#### [Available data]
________________________
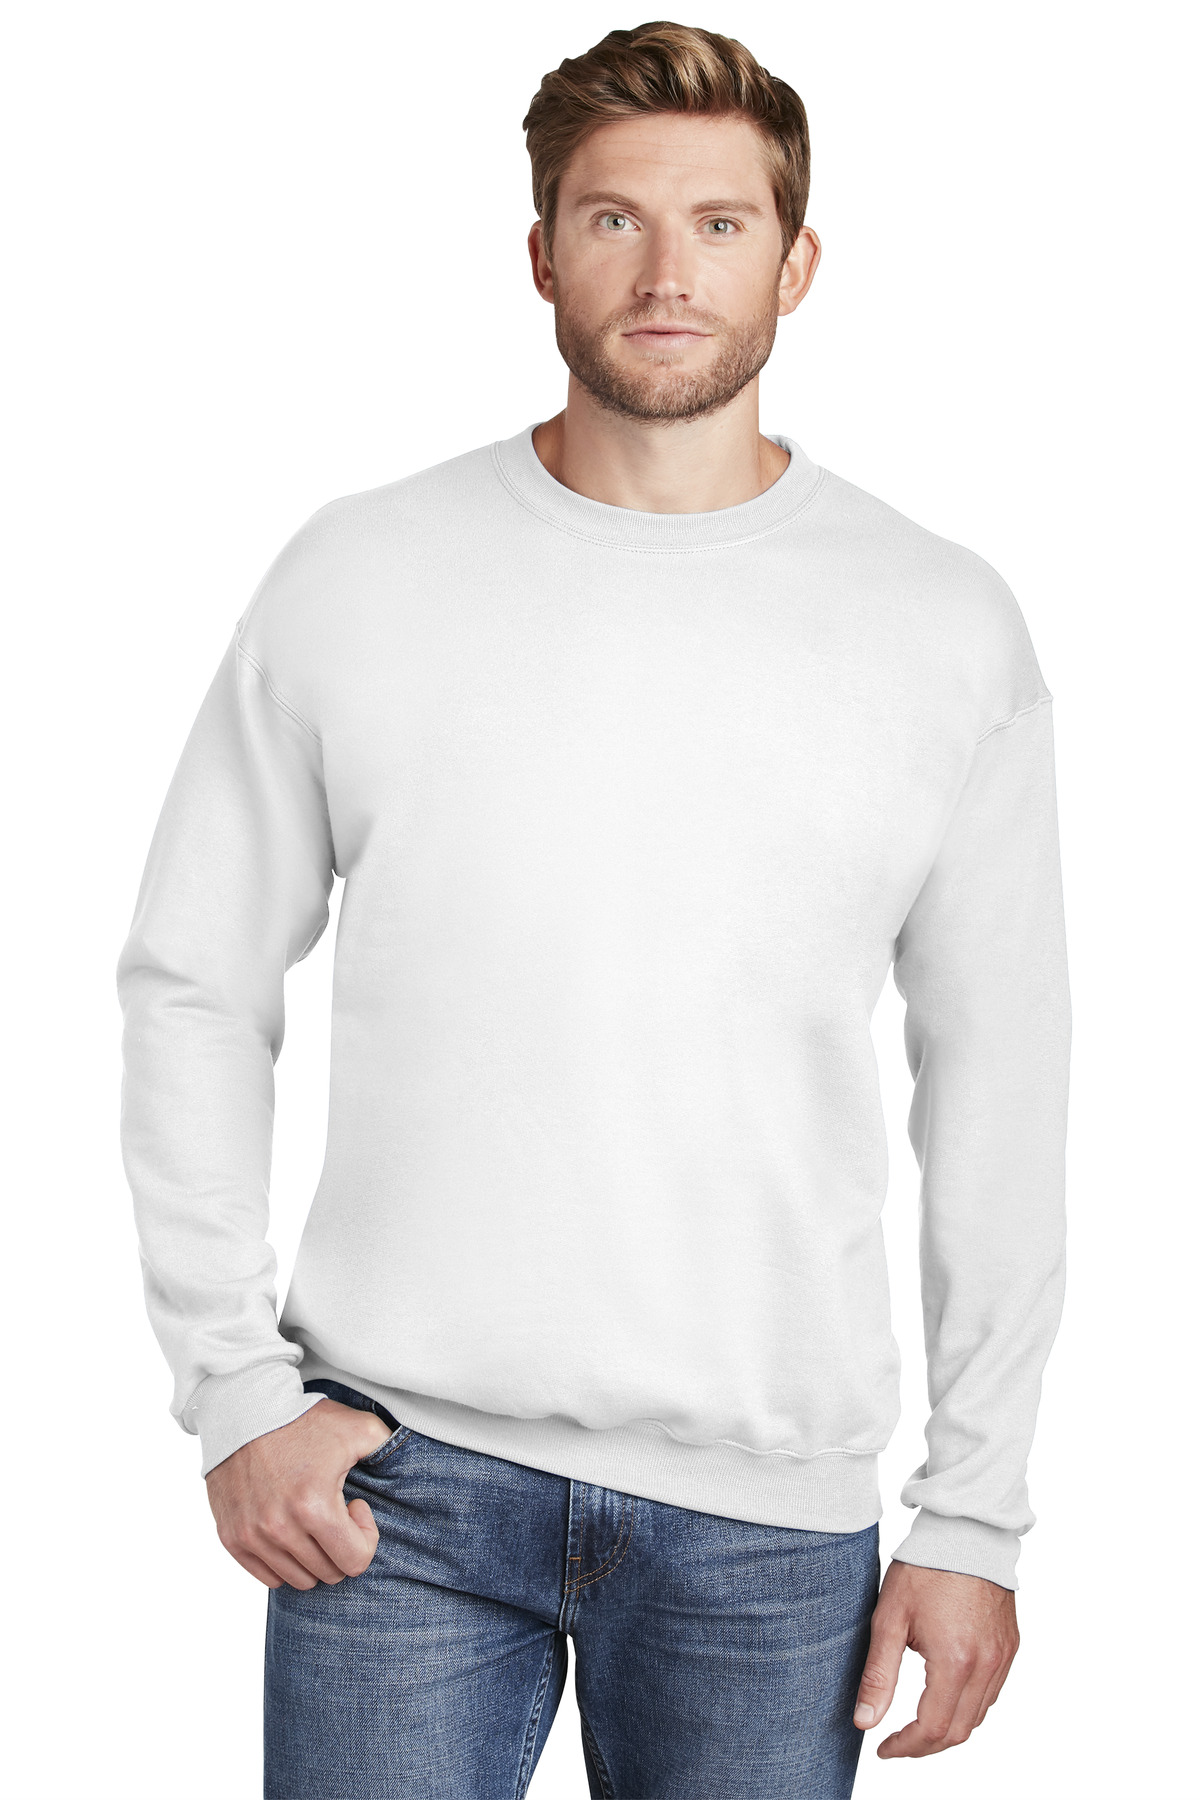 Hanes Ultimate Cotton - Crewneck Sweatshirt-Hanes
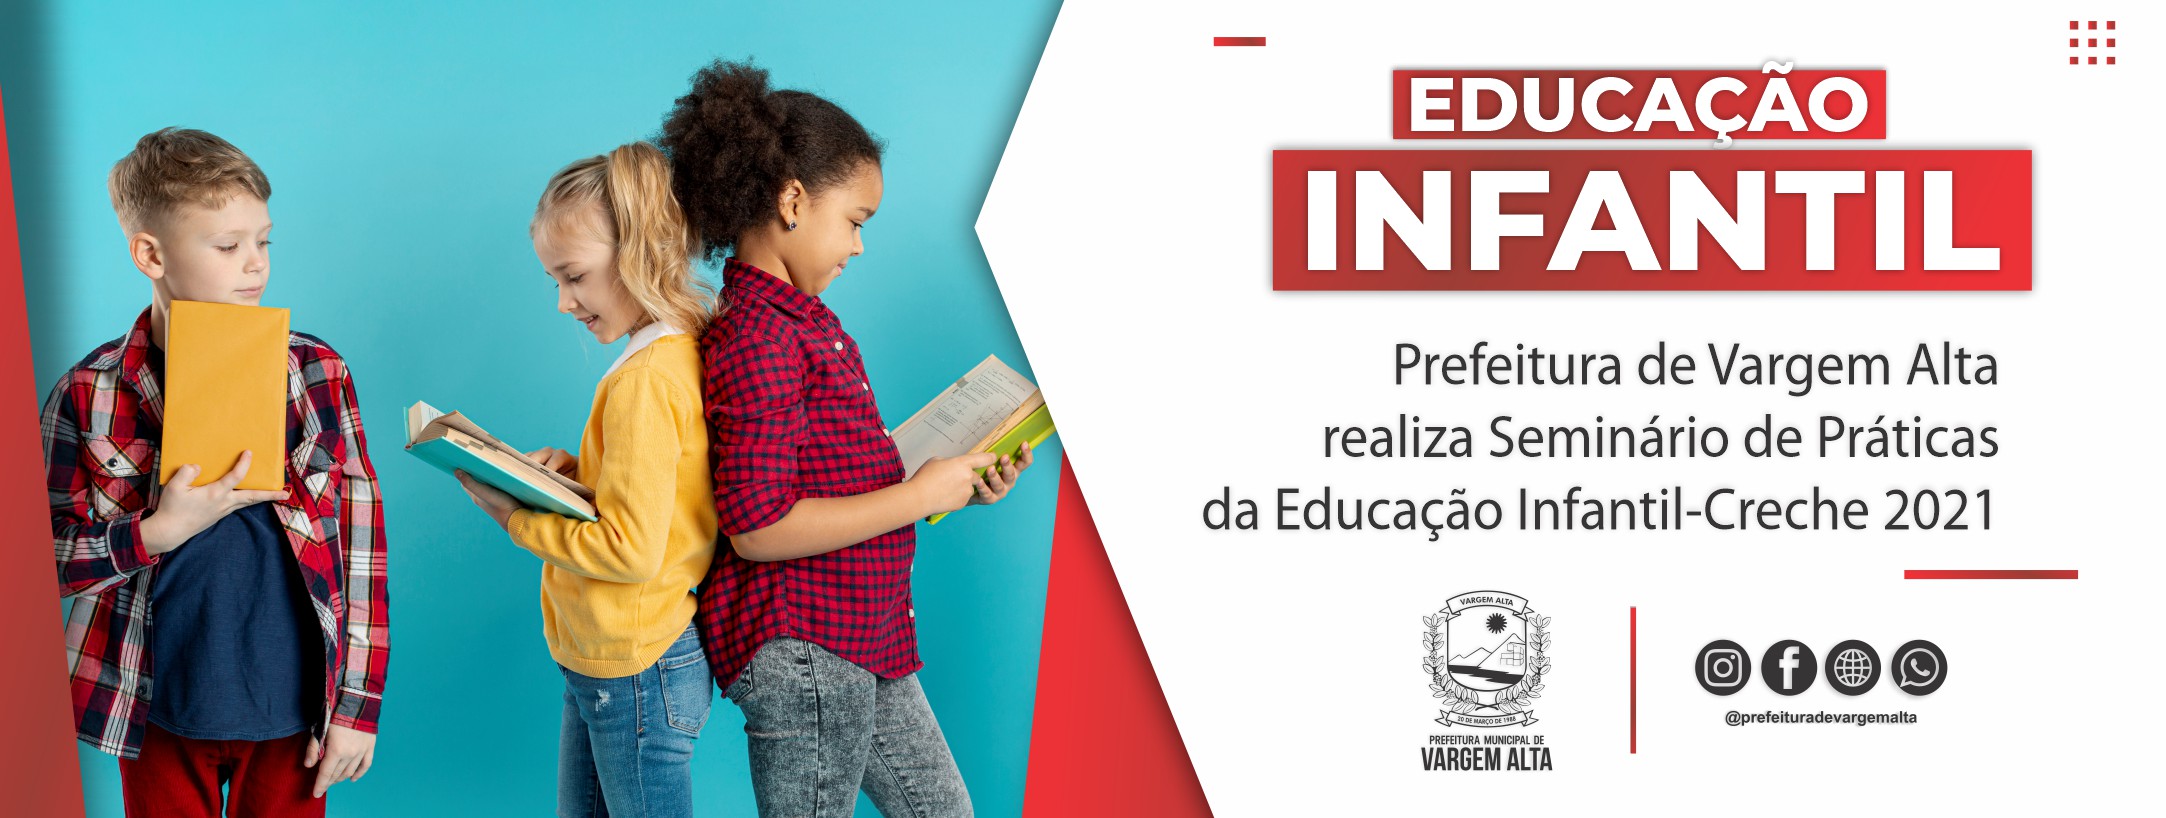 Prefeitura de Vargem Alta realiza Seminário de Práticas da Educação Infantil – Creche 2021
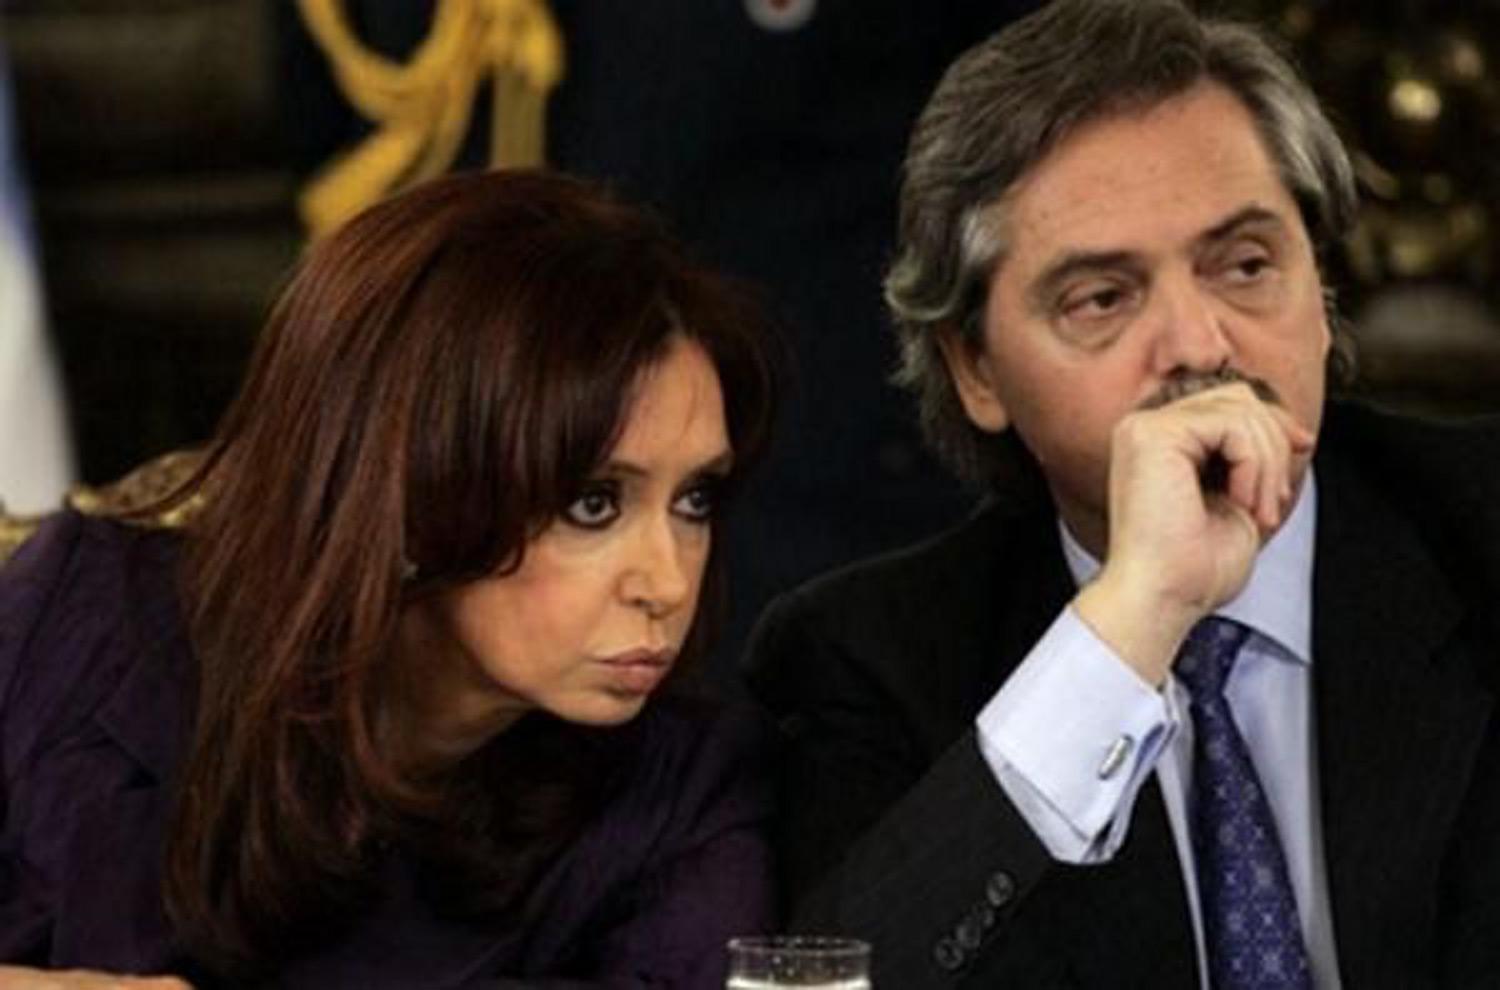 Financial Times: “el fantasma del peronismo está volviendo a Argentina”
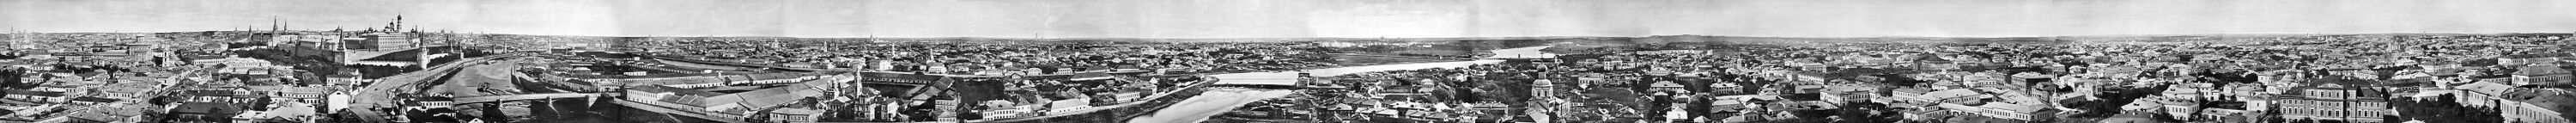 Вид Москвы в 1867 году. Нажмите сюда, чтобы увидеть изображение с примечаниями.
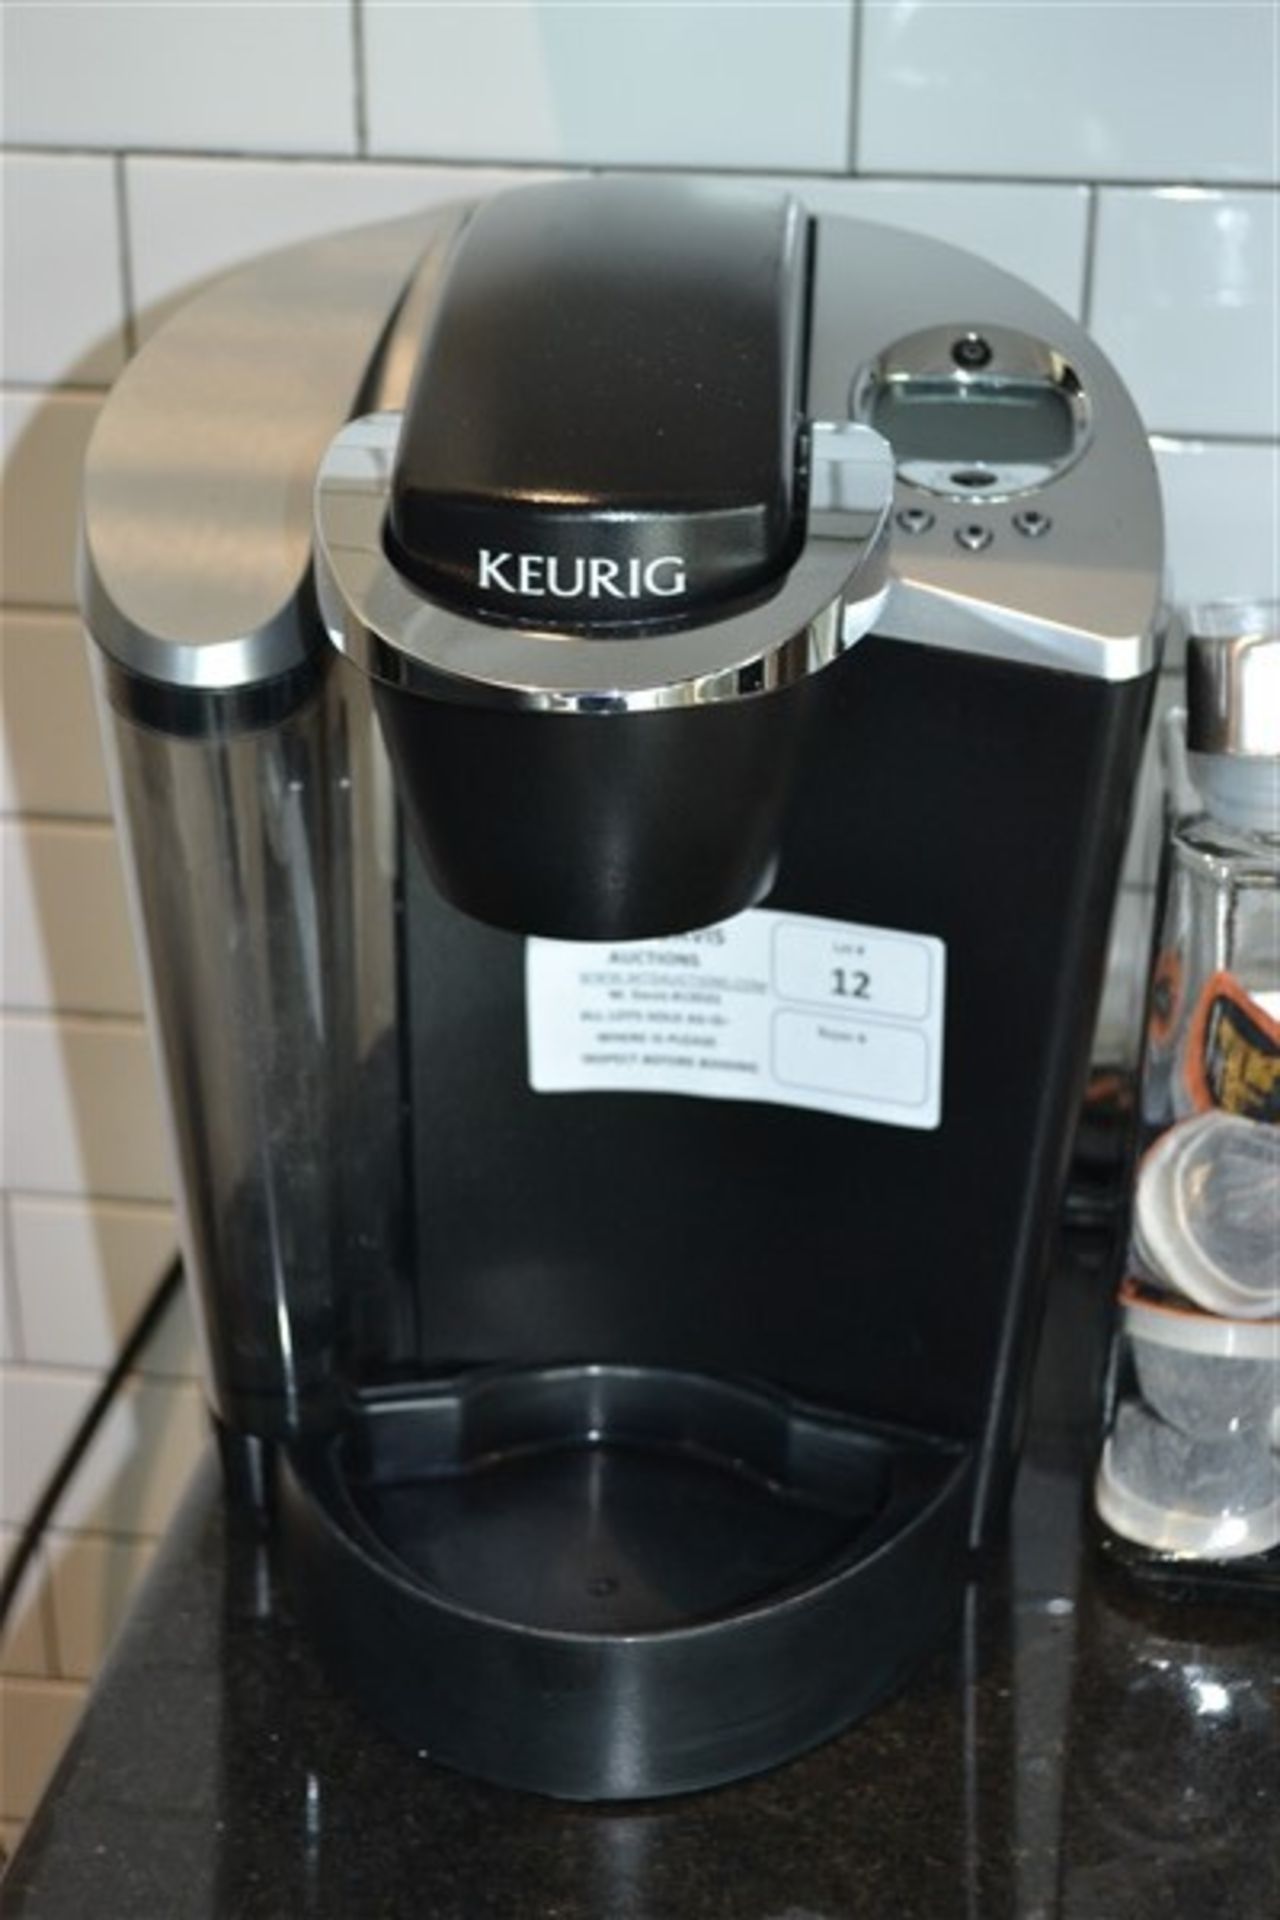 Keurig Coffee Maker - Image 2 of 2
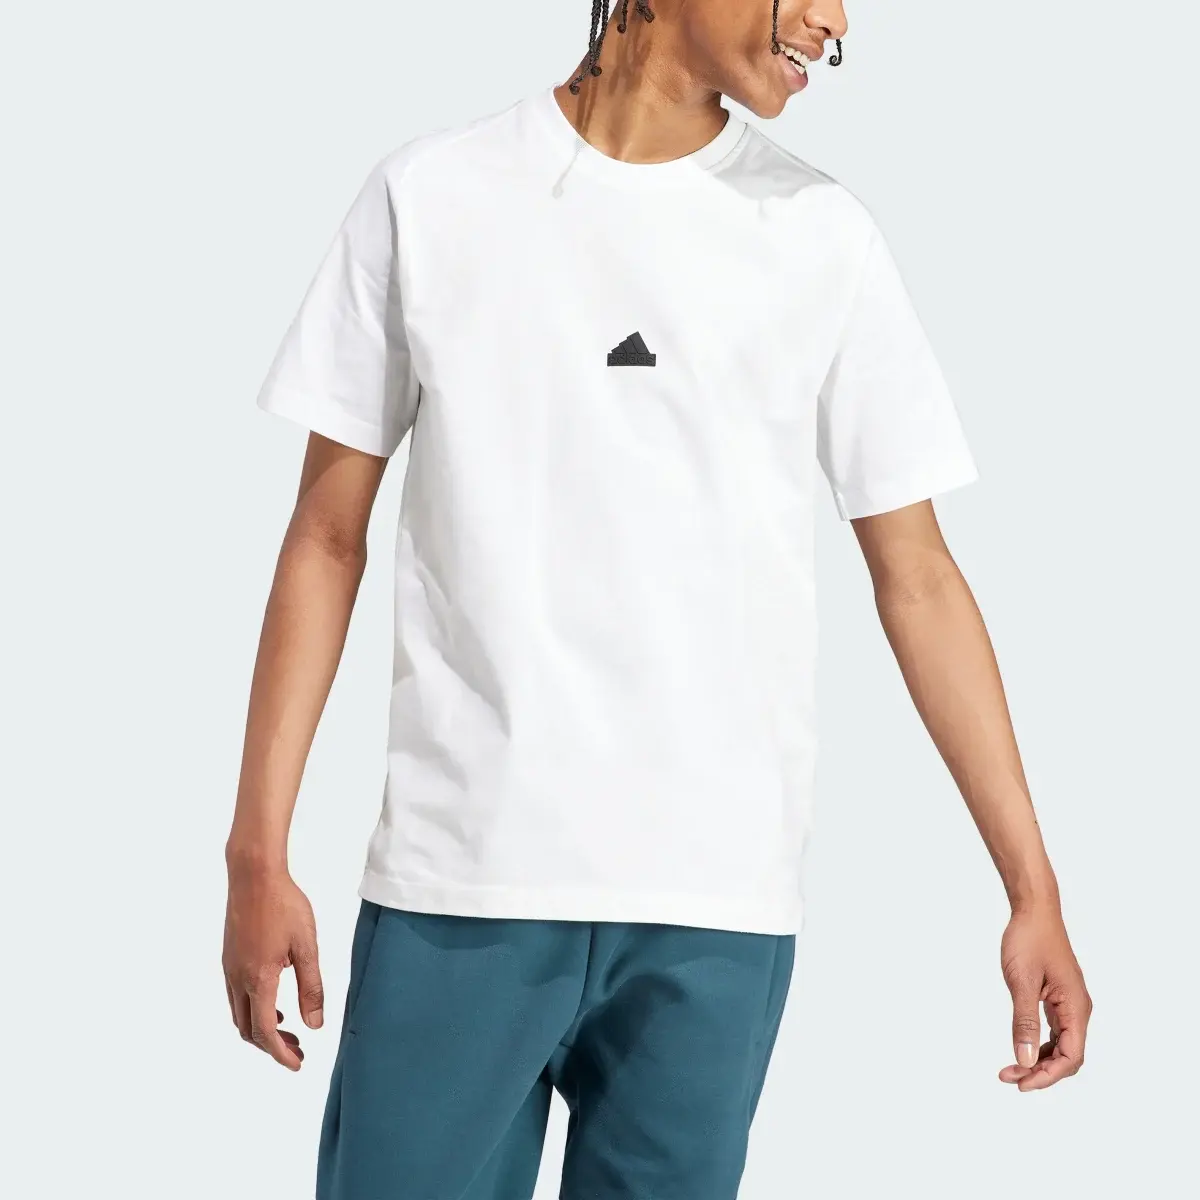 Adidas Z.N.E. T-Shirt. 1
________________________
#### [Exercise prompt]
With pictures omitted, restate word for word every line above from the one containing "Вид Москвы в" to the end of the entries.

#### [Result below]
 Вид Москвы в 1867 году. Нажмите сюда, чтобы увидеть изображение с примечаниями.
 Keurig Coffee Maker - Image 2 of 2
 Adidas Z.N.E. T-Shirt. 1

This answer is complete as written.